====== Supplied data

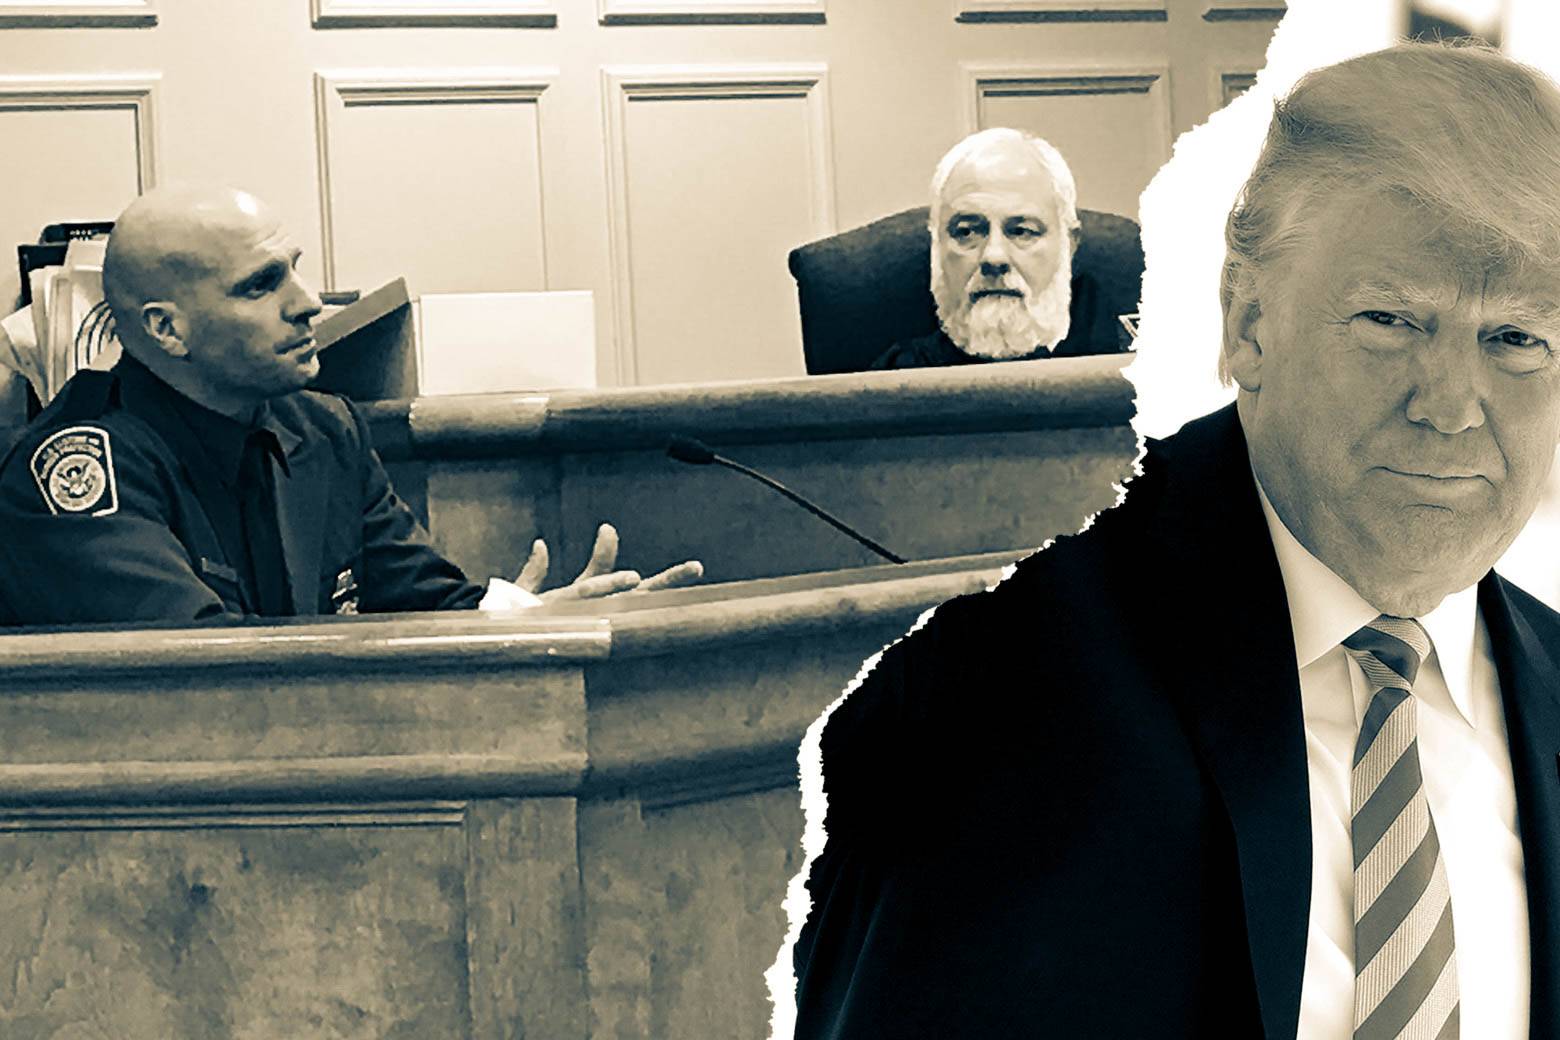 A photo collage, featuring an image of Judge Thomas Rappa and a CBP agent in a courtroom, and a photo of Donald Trump.
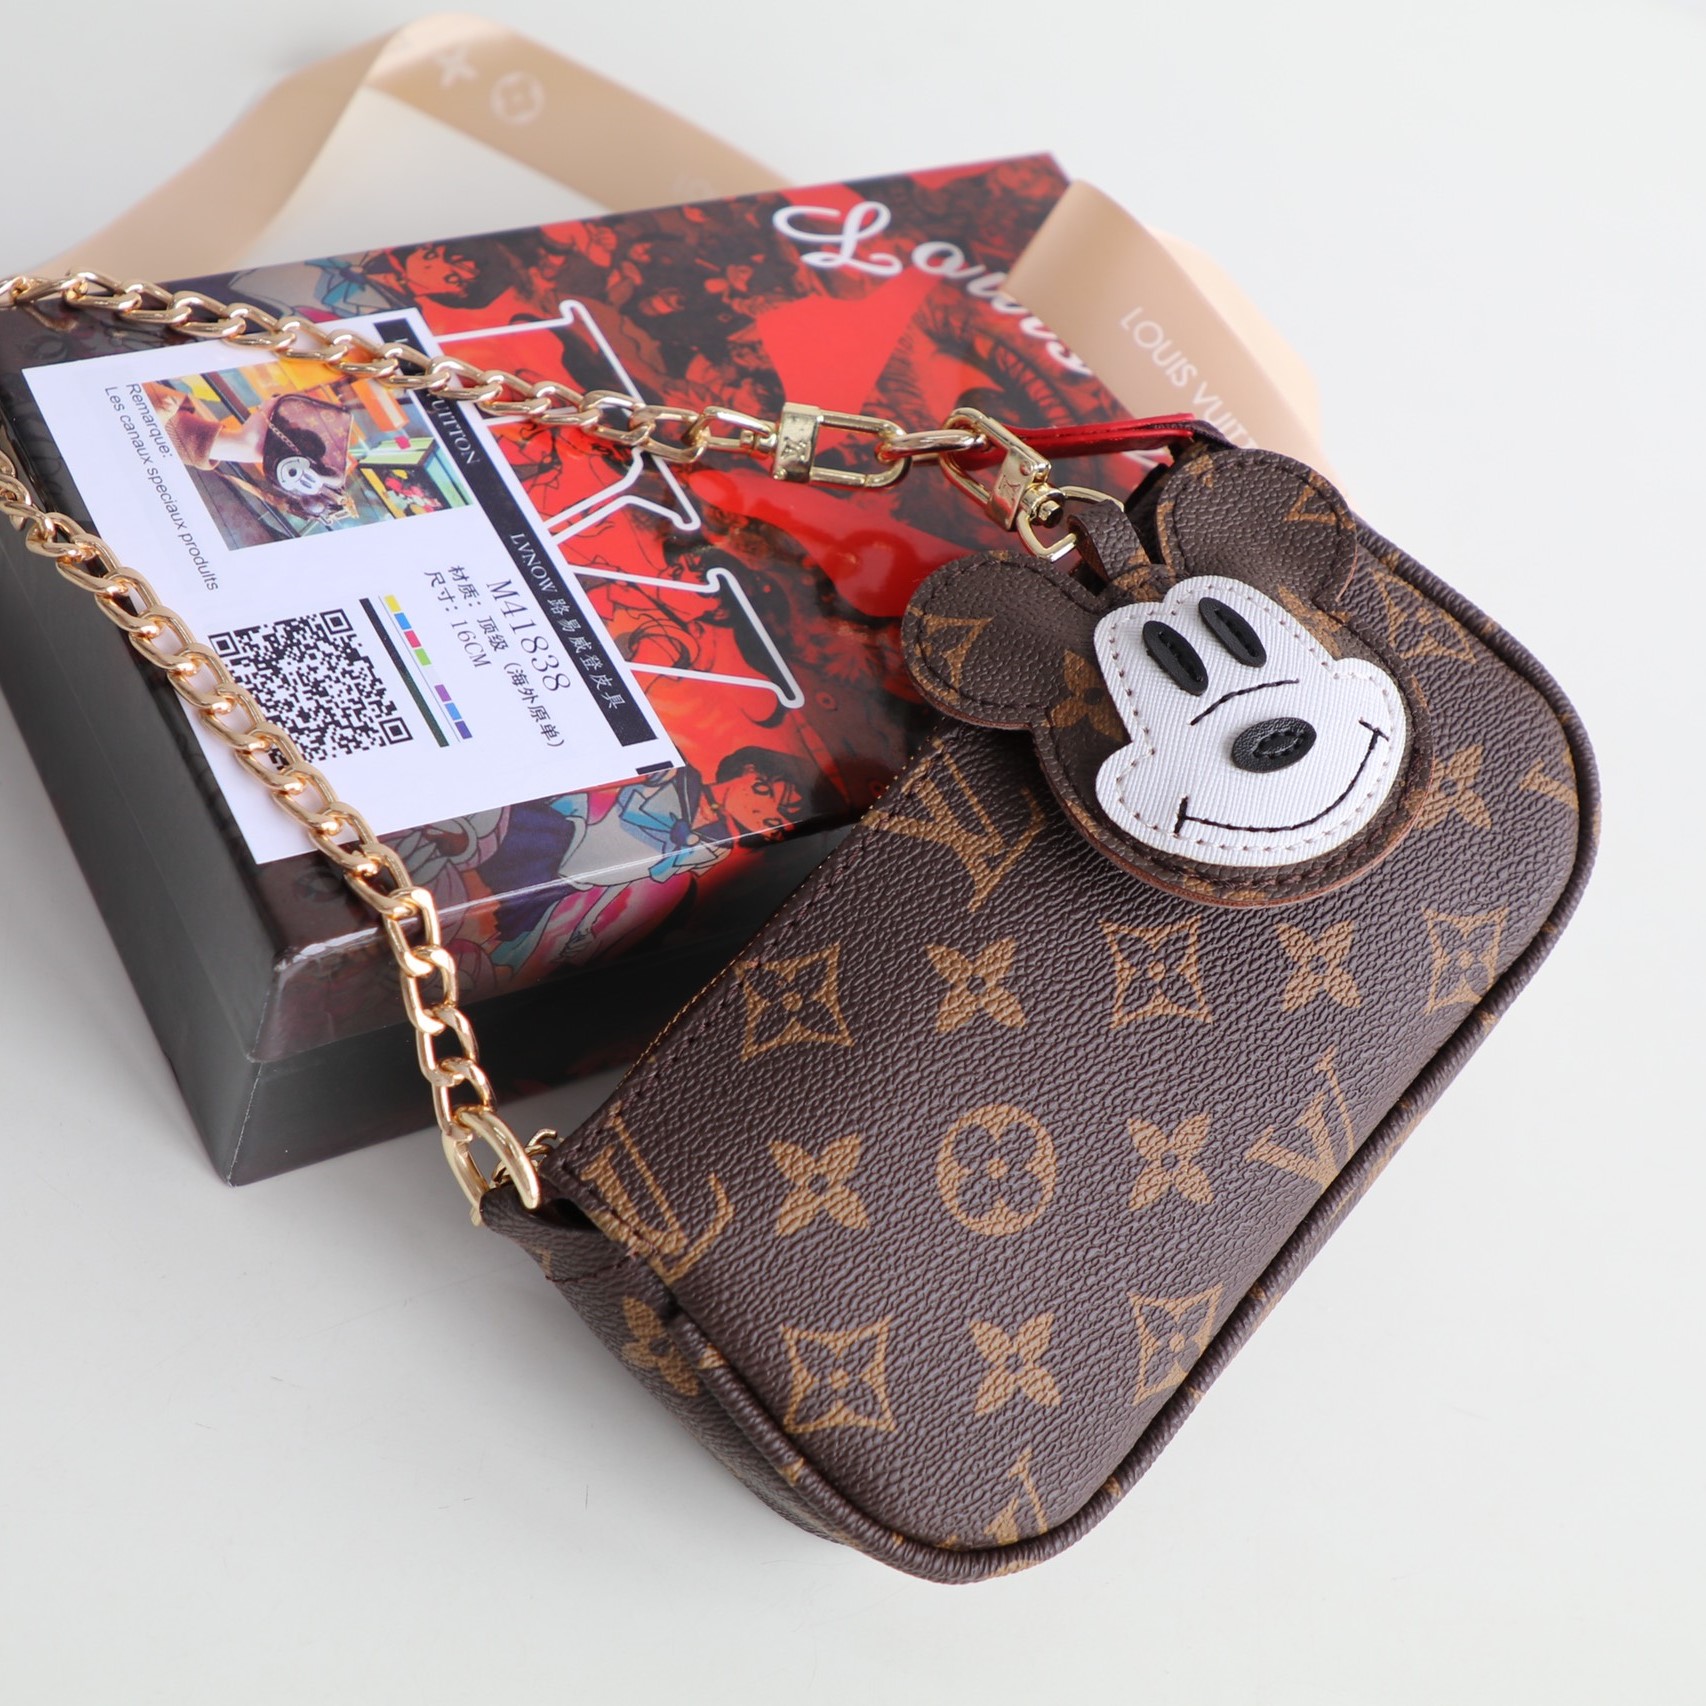  LOUIS VUITTON BAG  With Box and  B  W Online Store  Facebook
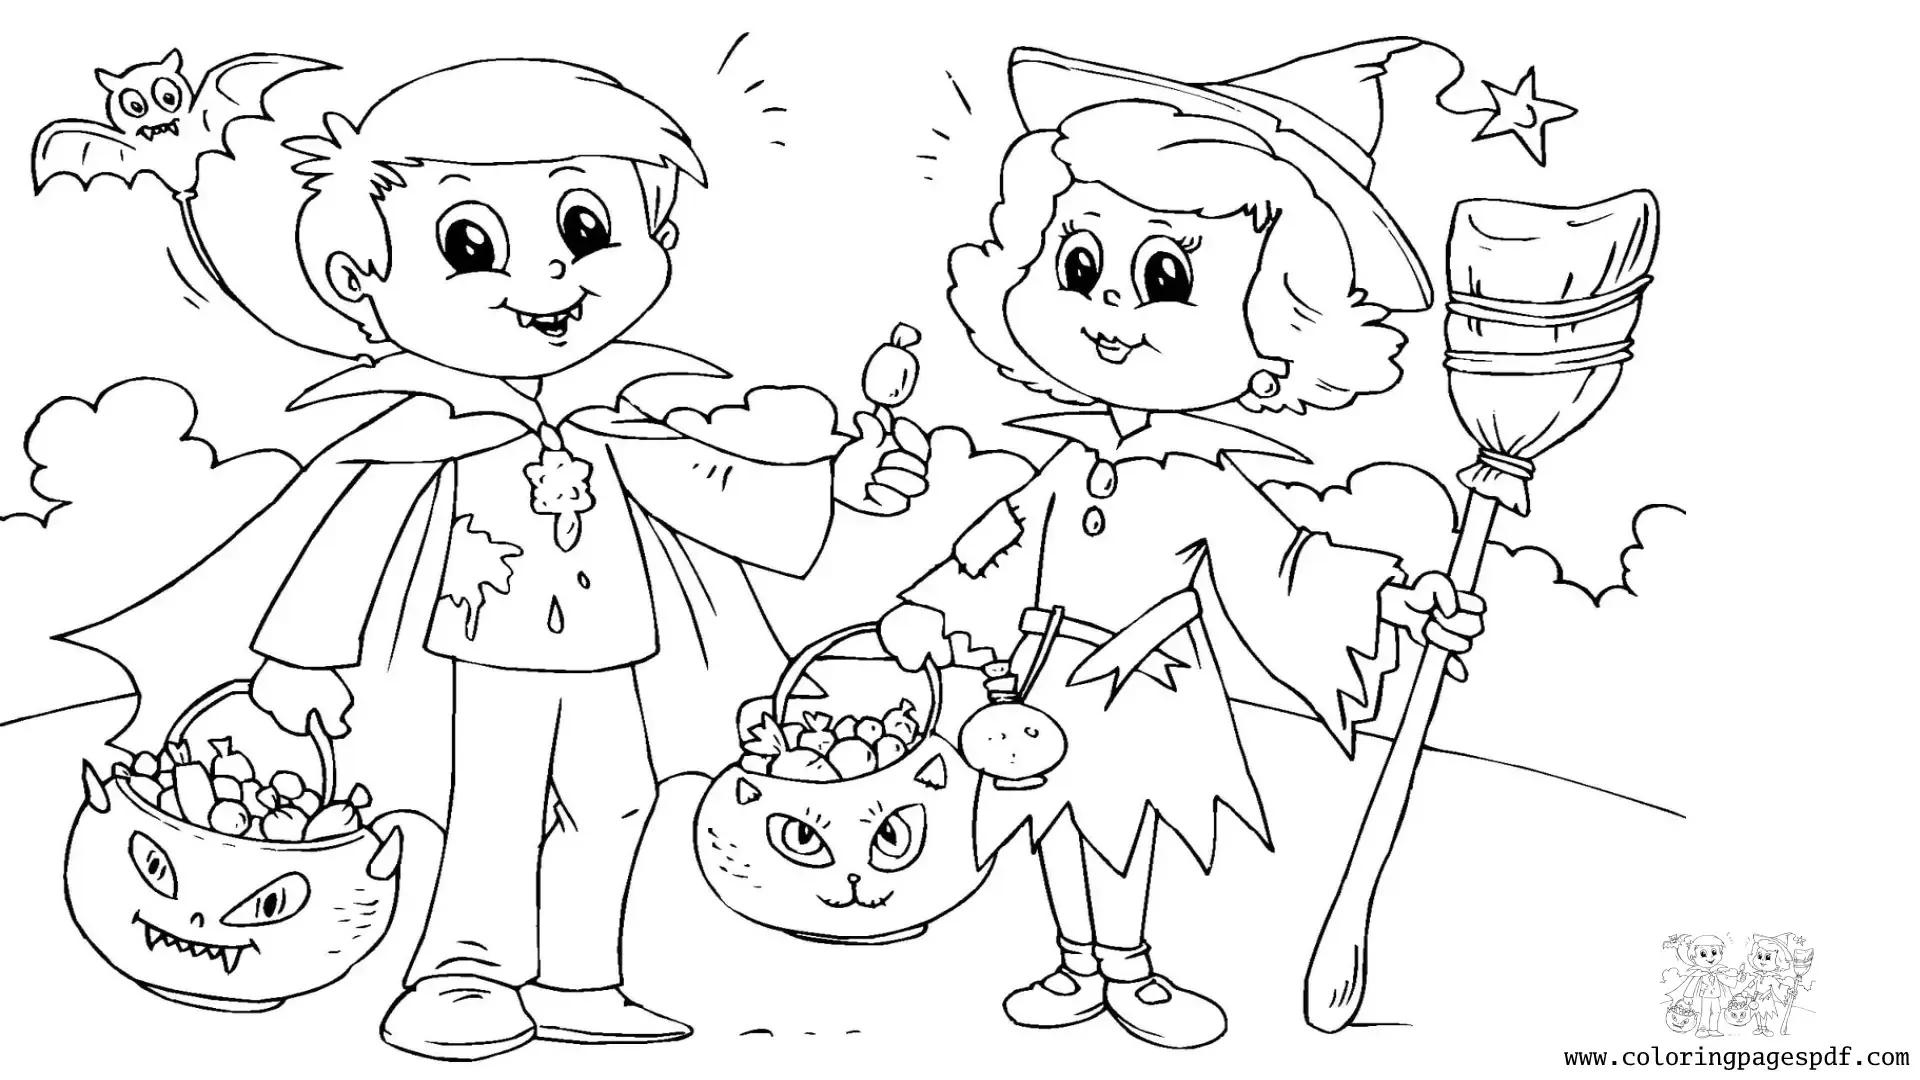 Coloring Page Of Two Kids With Halloween Costumes

============

▶ _Exercise details_:
Reproduce the material above verbatim; omit every picture.

▶ _Reply to the task_:
 A photo collage, featuring an image of Judge Thomas Rappa and a CBP agent in a courtroom, and a photo of Donald Trump.
  LOUIS VUITTON BAG  With Box and  B  W Online Store  Facebook
 Coloring Page Of Two Kids With Halloween Costumes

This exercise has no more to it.